Dumps are most useful when you want to examine a long running, very simple query or a query that seems to be stuck at a certain point. They aren’t useful to see a full call stack of a non-simple query or to see something that happens just once during execution, like a specific task during query compilation. All that you can get is a snapshot and the snapshot may not contain the information that you’re looking for.
There are multiple ways to generate and read dump files. For this blog post I’ll be using sqldumper.exe and WinDbg.
First go to the directory that contains sqldumper.exe. On my machine for SQL Server 2016 the directory is C:\Program Files\Microsoft SQL Server\130\Shared . Open an admin command prompt and point it to that directory. Here are the arguments that we need to look at call stacks:
C:\Program Files\Microsoft SQL Server\130\Shared>sqldumper Usage: sqldumper [ProcessID [ThreadId [Flags[:MiniDumpFlags] [SqlInfoPtr [DumpDir
There are many ways to get the ProcessID for SQL Server. One way is to run the following SQL query:
At the time of writing this post I have a process ID of 2364.

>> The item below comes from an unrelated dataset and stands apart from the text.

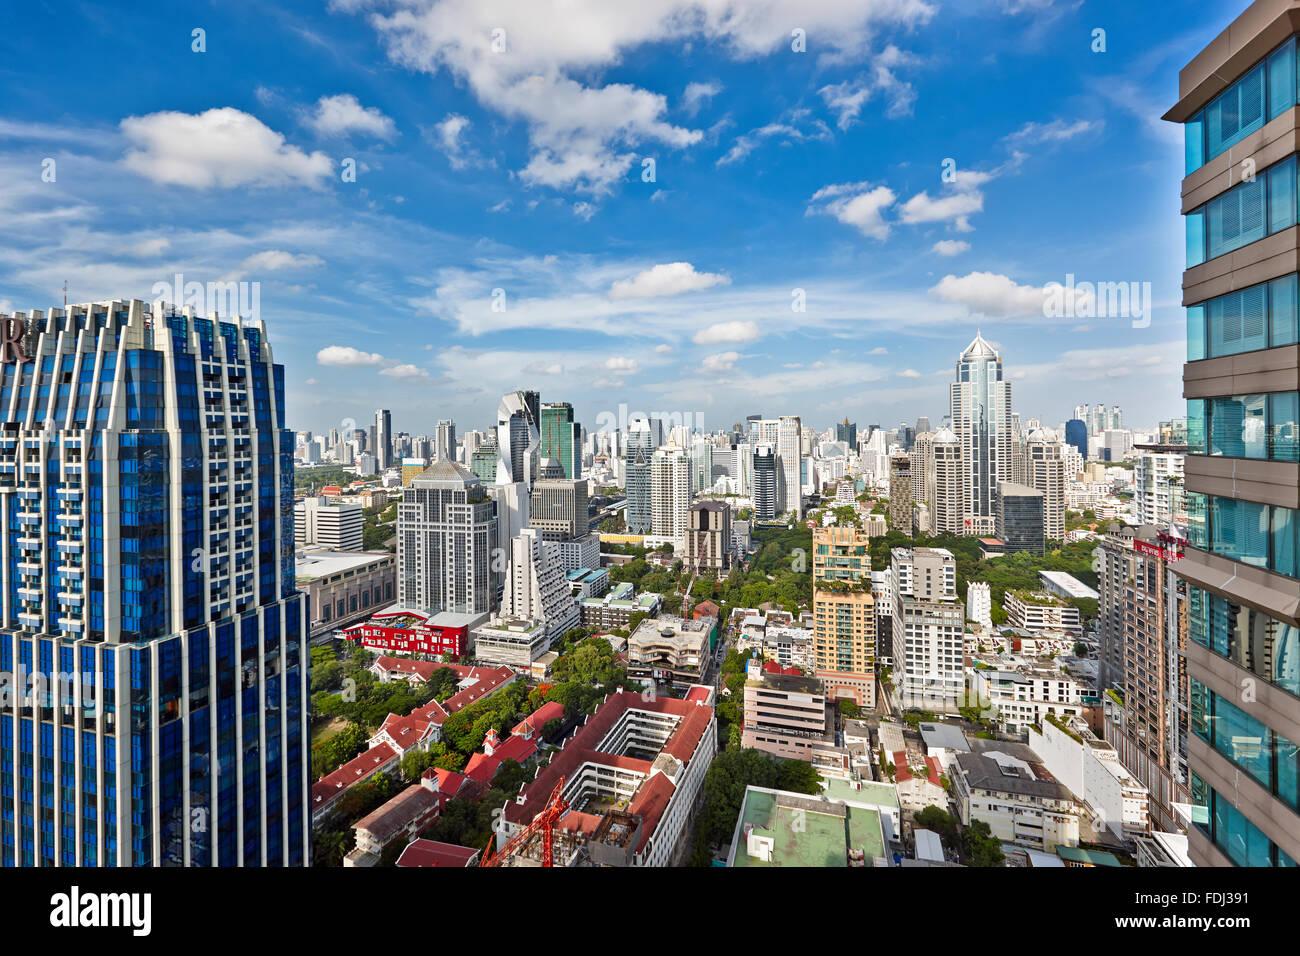 Erhöhte Stadtansicht. Bangkok, Thailand. Stockbild
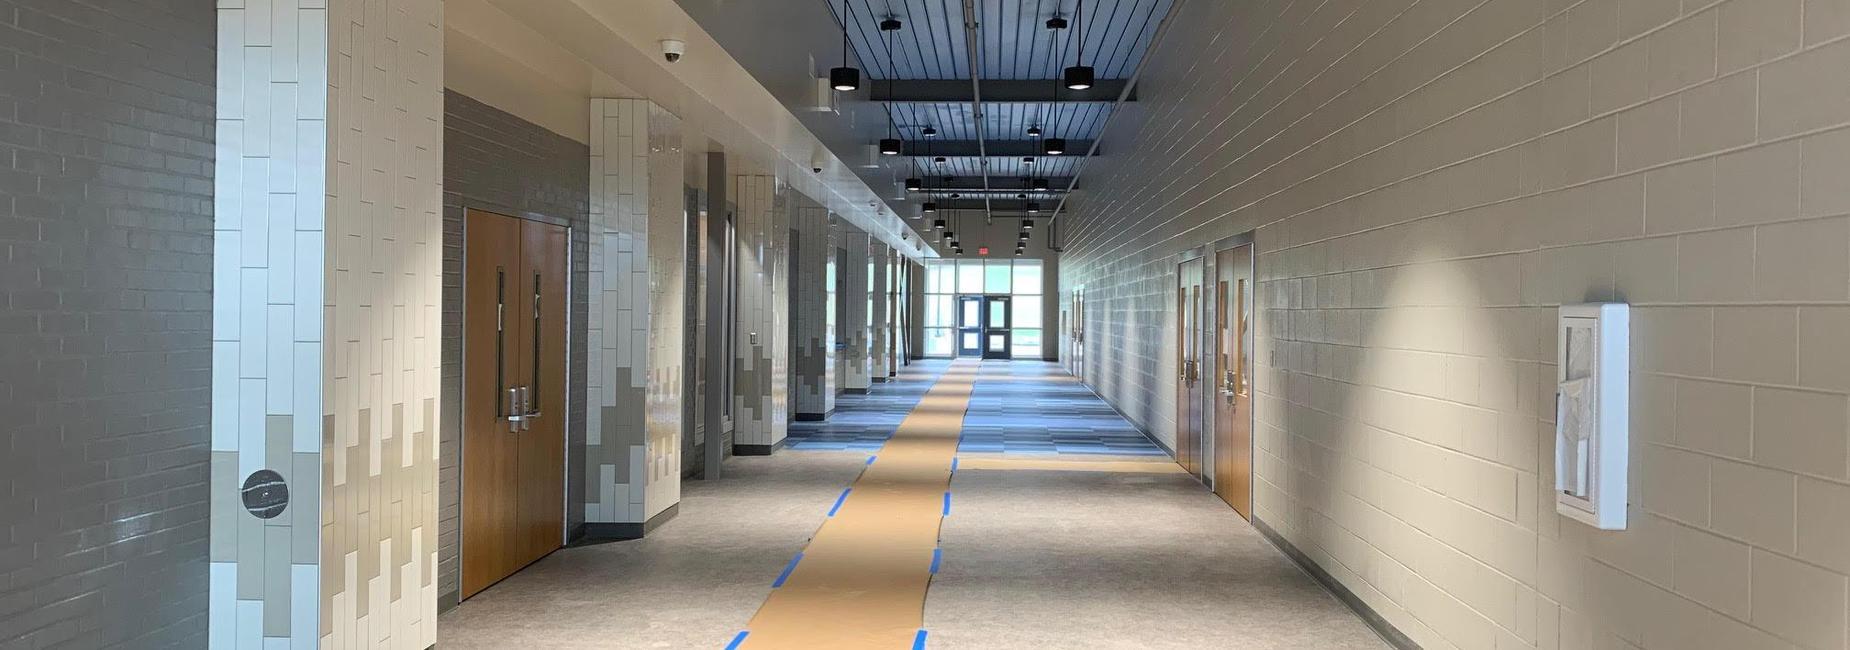 MCHS Gym Lobby

ThreadId is set to 0 you’ll get information about all threads, including system threads that you might not be interested in. Sometimes you can get everything that you’re interested in by looking at a single thread for serial queries, or at a single thread if a parallel query appears to be throwing too much work at that thread. There’s probably a better way to write this query, but the query that I use to find the thread that I’m interested in is below:
SELECT th.os_thread_id, wta.wait_type FROM sys.dm_os_threads th INNER JOIN sys.dm_os_workers w ON th.worker_address = w.worker_address INNER JOIN sys.dm_os_tasks tk ON w.task_address = tk.task_address INNER JOIN sys.dm_os_waiting_tasks wta ON wta.waiting_task_address = tk.task_address where tk.session_id = 56;
wait_type is there to give a clue about which threads are interesting. More columns can be added to the query as needed.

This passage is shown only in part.